On Dec 5, 2007, at 11:23 AM, Ralph H Castain wrote:
Well, I think it is pretty obvious that I am a fan of a attribute
system :)
For completeness, I will point out that we also exchange architecture
and hostname info in the modex.
True - except we should note that hostname info is only exchanged if
someone
specifically requests it.
Note that I am a fan of *always* exchanging the hostname information.
I say this because multiple Cisco customers have told us that this is
invaluable debugging information: when a BTL fails to send a message,
for example, we specifically put in the error message "hostA tried to
send to hostB and failed" (vs. "communicator X rank Y tried to send to
rank Z"). System administrators want/need the actual hostnames in
order to [greatly] simplify the process of troubleshooting if there
is a problem in the fabric, and if so, where it is.
This is especially important for very large fabrics.
Do we really need a complete node map? A far as I can tell, it looks
like the MPI layer only needs a list of local processes. So maybe it
would be better to forget about the node ids at the mpi layer and
just
return the local procs.
I agree, though I don't think we want a parallel list of procs. We
just need
to set the "local" flag in the existing ompi_proc_t structures.

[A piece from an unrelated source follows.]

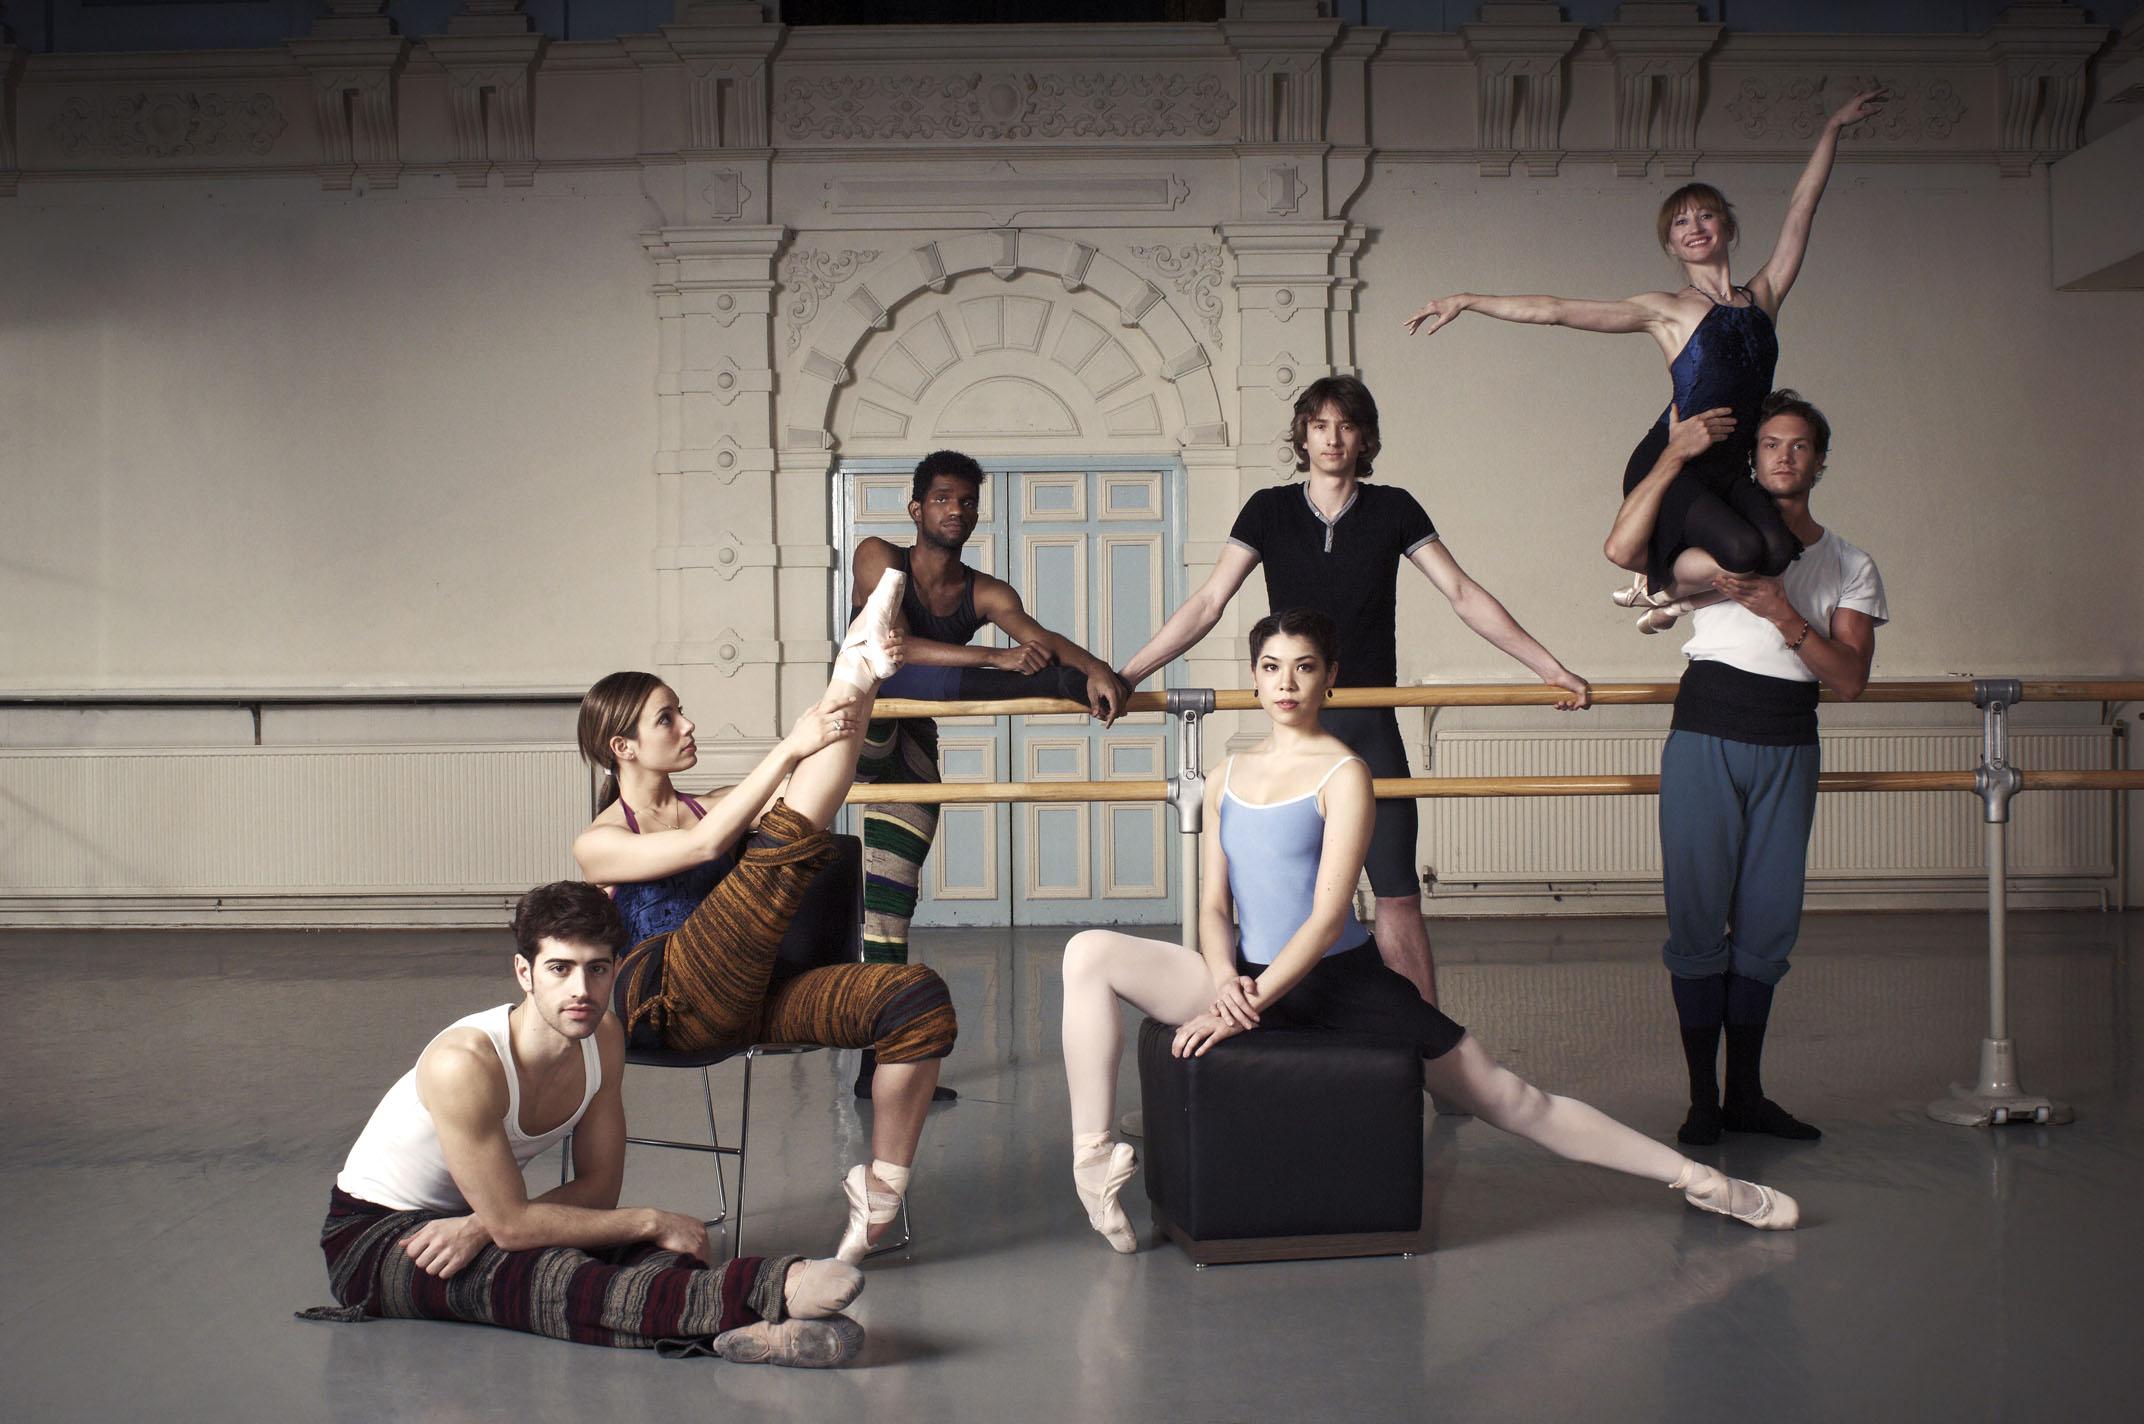 ballet dancers in the studio

I agree that the desired end result is that we need that "local" flag
set in the relevant ompi_proc_t's.
As previously implied: strcmp'ing hostnames is not always sufficient
(e.g., on the cray). Hence, sending hostnames around is useful for
the reasons I cited above, but it may not be sufficient for what is
needed.
So my vote would be to leave the modex alone, but remove the node id,
and add a function to get the list of local procs. It doesn't
matter to
me how the RTE implements that.
I think we would need to be careful here that we don't create a need
for
more communication. We have two functions currently in the modex:
1. how to exchange the info required to populate the ompi_proc_t
structures;
and
2. how to identify which of those procs are "local"
The problem with leaving the modex as it currently sits is that some
environments require a different mechanism for exchanging the
ompi_proc_t
info. While most can use the RML, some can't. The same division of
capabilities applies to getting the "local" info, so it makes sense
to me to
put the modex in a framework.
Otherwise, we wind up with a bunch of #if's in the code to support
environments like the Cray. I believe the mca system was put in place
precisely to avoid those kind of practices, so it makes sense to me
to take
advantage of it.
FWIW, I'm very against putting #if's in the code for specific
architectures / RTE's. Such differences is what the MCA is for.
Alternatively, if we did a process attribute system we could just use
predefined attributes, and the runtime can get each process's node id
however it wants.
Same problem as above, isn't it? Probably ignorance on my part, but
it seems
to me that we simply exchange a modex framework for an attribute
framework
(since each environment would have to get the attribute values in a
different manner) - don't we?
I have no problem with using attributes instead of the modex, but
the issue
appears to be the same either way - you still need a framework to
handle the
different methods.
I agree -- I don't see the difference. Tim -- can you explain? (I
also didn't quite understand your statement about being a fan of
attribute systems; other than it being an ASCII system with a flat
namespace [why is a flat namespace good, btw?], I don't really see how
it's significantly different than the modex principle...?)
--
Jeff Squyres
Cisco Systems